Since I was going into the celery adventure with some trepidation, I planted a whole bunch of celery seeds (50 peat pots) to make up for the losses I was expecting. First, I planted 25, and when they took their sweet time germinating, I bought a fresh seed packet and planted 25 more. They all germinated eventually.

My research told me that celery seeds are very tiny and difficult to get planted by themselves (which I observe to be true) and that celery is really not happy about its roots being disturbed, so if I didn’t separate my seeds, I wouldn’t ever be able to separate them without killing my celery and if they stayed entangled they would certainly kill each other. This did not turn out to be a problem.

I dumped the seeds into a saucer and carefully pinched up as few as I could get and carefully released as few as I could drop into each pot, then mixed the soil around a bit so they’d spread out. Then watered, and set them in various South facing windowsills to do their thing. I read that the temperature variation they would get there would do them good. They seemed to like it, though it may still have been too cool for them in March. After 2 weeks, there was nothing to see, so I planted more and two weeks later everything was germinating fine, both new seeds and old seeds.  The first packet came from a “preppers” canister of seeds and was just in a foil pack marked “celery”, but the second packet came from Tractor’s Supply and was called Utah Tall. I have since mixed them up and have no idea which is which, but they both did fine.

Most of my celery seedlings grew as nice separate plants, but some of them were tangled together. Some got untangled, sacrificing one of them. Some of them remained tangled together forever, forming a big double-sized clump of celery.

Transplanting celery I transplanted my celery in May when the night temperatures were above 50 degrees Farenheight. Because I read that celery needs lots of organic matter and moisture retention in the soil, I planted it in a former compost pile site. The compost had been worked in and picked over by chickens. I dug a trench about a foot deep and three feet wide and filled that with compost and planted two rows of celery in that. I then mulched all around them with woodchips to keep the moisture in.

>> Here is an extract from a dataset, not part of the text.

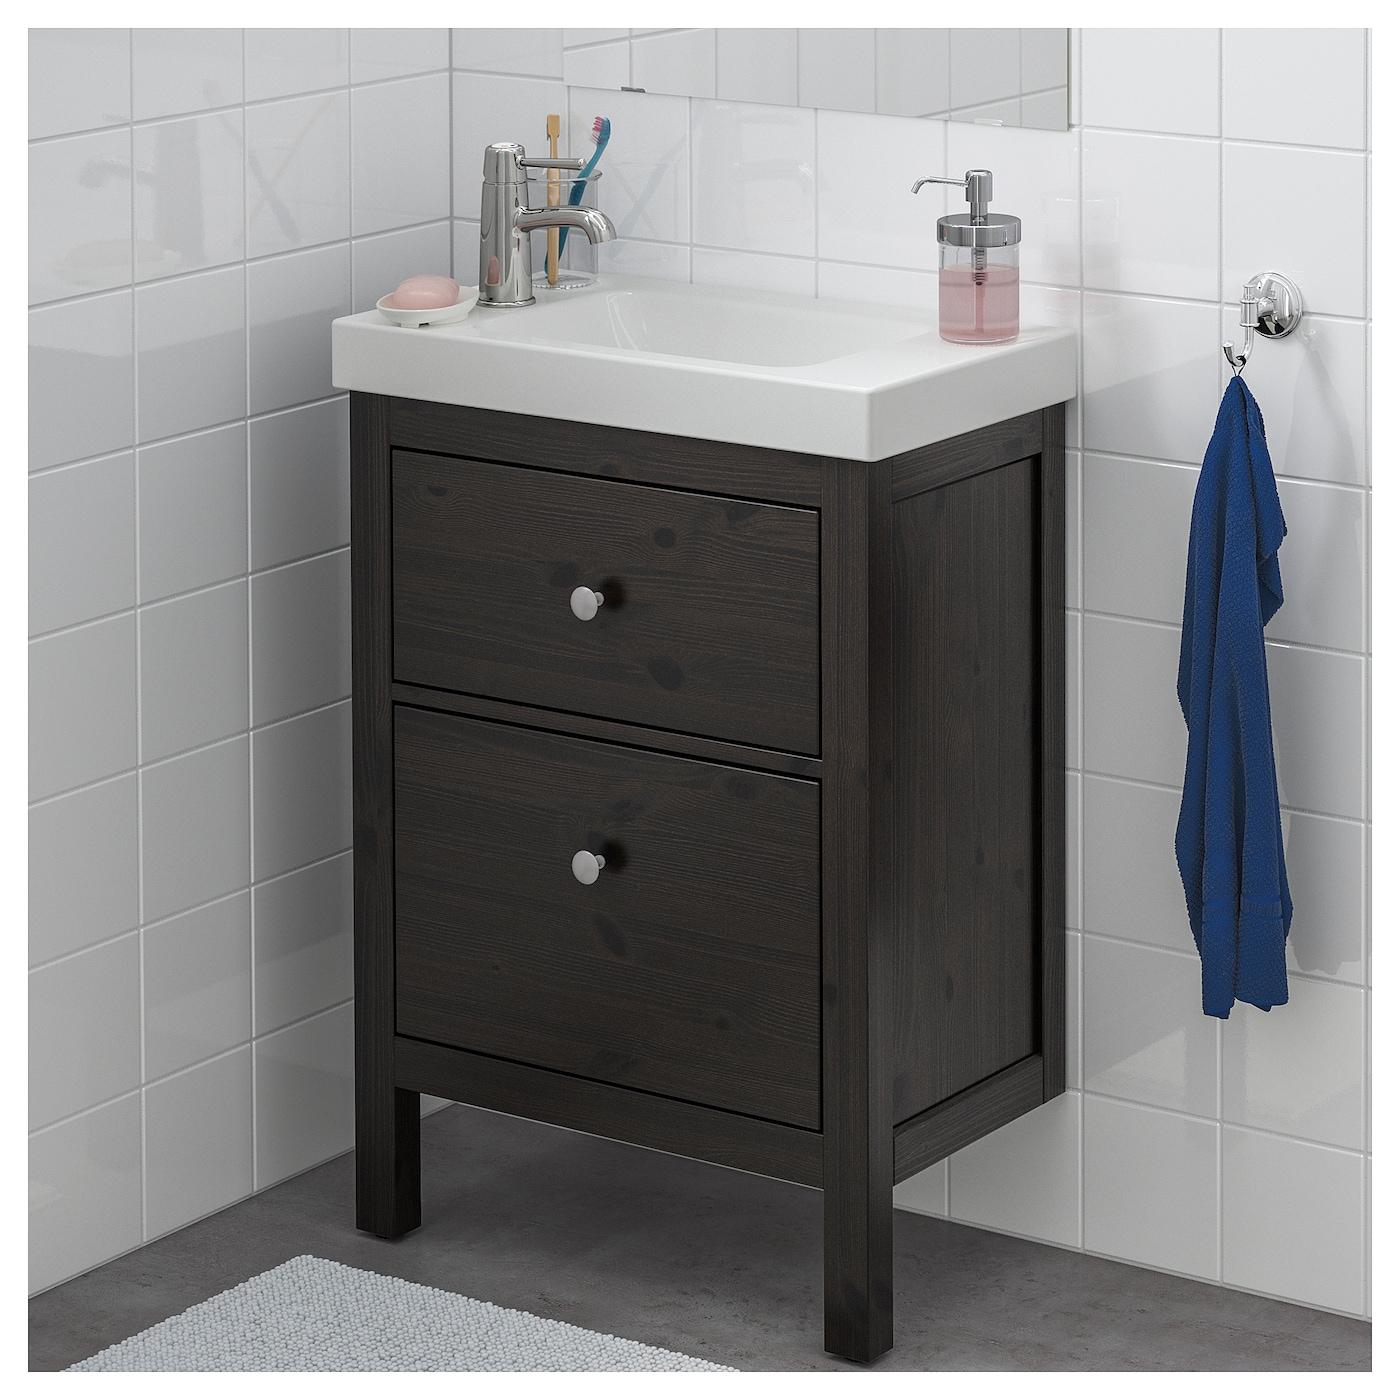 HEMNES HAGAVIKEN Wash stand with 2 drawers Black brown 60x34x90 cm IKEA

Celery maintenance My neighbor told me celery must never be allowed to dry out and I also read that it needed to be blanched to produce long tasty stalks, so resolved to pile much around it throughout the summer, to achieve both goals with a minimum of fuss. Though the area we planted it received partial shade, there was nothing much to do about the temperatures exceeding 75 degrees Farenheight, except try to keep the soil cool. So we mulched. Whenever my husband mowed the lawn, I made him keep the clippings so I could throw them over the celery (and also the potatoes). This worked out fine. They grew steadily all summer, producing bushy leaves and long, sturdy stalks. We had no real problems with insects, although there were many spiders, woodlice and earwigs found living among them, they didn’t do any damage that I can see. The deer and woodchucks that went after the neighboring pumpkins, green beans and peppers left the celery alone.

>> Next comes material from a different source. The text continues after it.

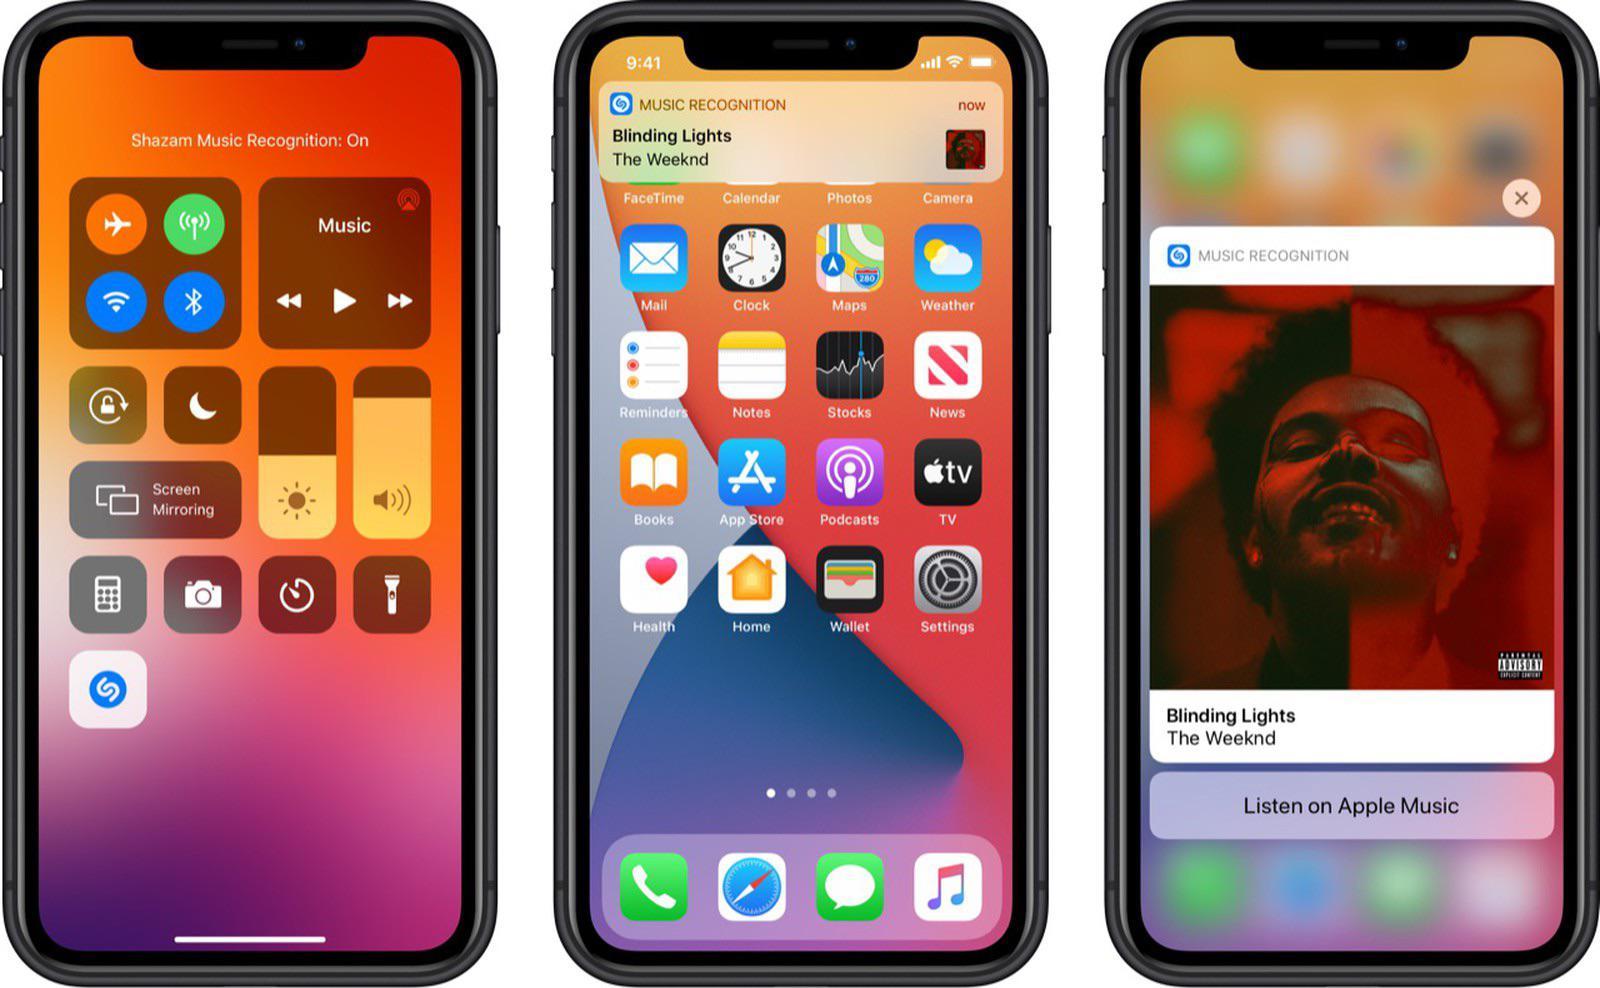 Apple tung ra iOS 14.2 Beta với nhiều thay đổi - Ảnh 1.

Harvesting Celery I started harvesting toward the end of July. I just cut off stalks near the base. New stalks soon grew to take their place.  After several hard freezes that turned the rest of my garden into a vision of the apocalypse, my celery was still fresh and green.

These celery plants were harvested by cutting at the base of the stalk and now they are re-growing more celery for me!

Companion planting I did try to plant a few different things in with the celery, but all that mulching and their big ole’ canopy of greenery meant that we didn’t get much of a survival rate for anything. An over-enthusiastic pumpkin invaded the celery space but the celery didn’t notice. A few green onion seeds grew among the celery. I think that next year I will edge the row with leeks.

After a couple of hard frosts, only the celery and the weeds remain.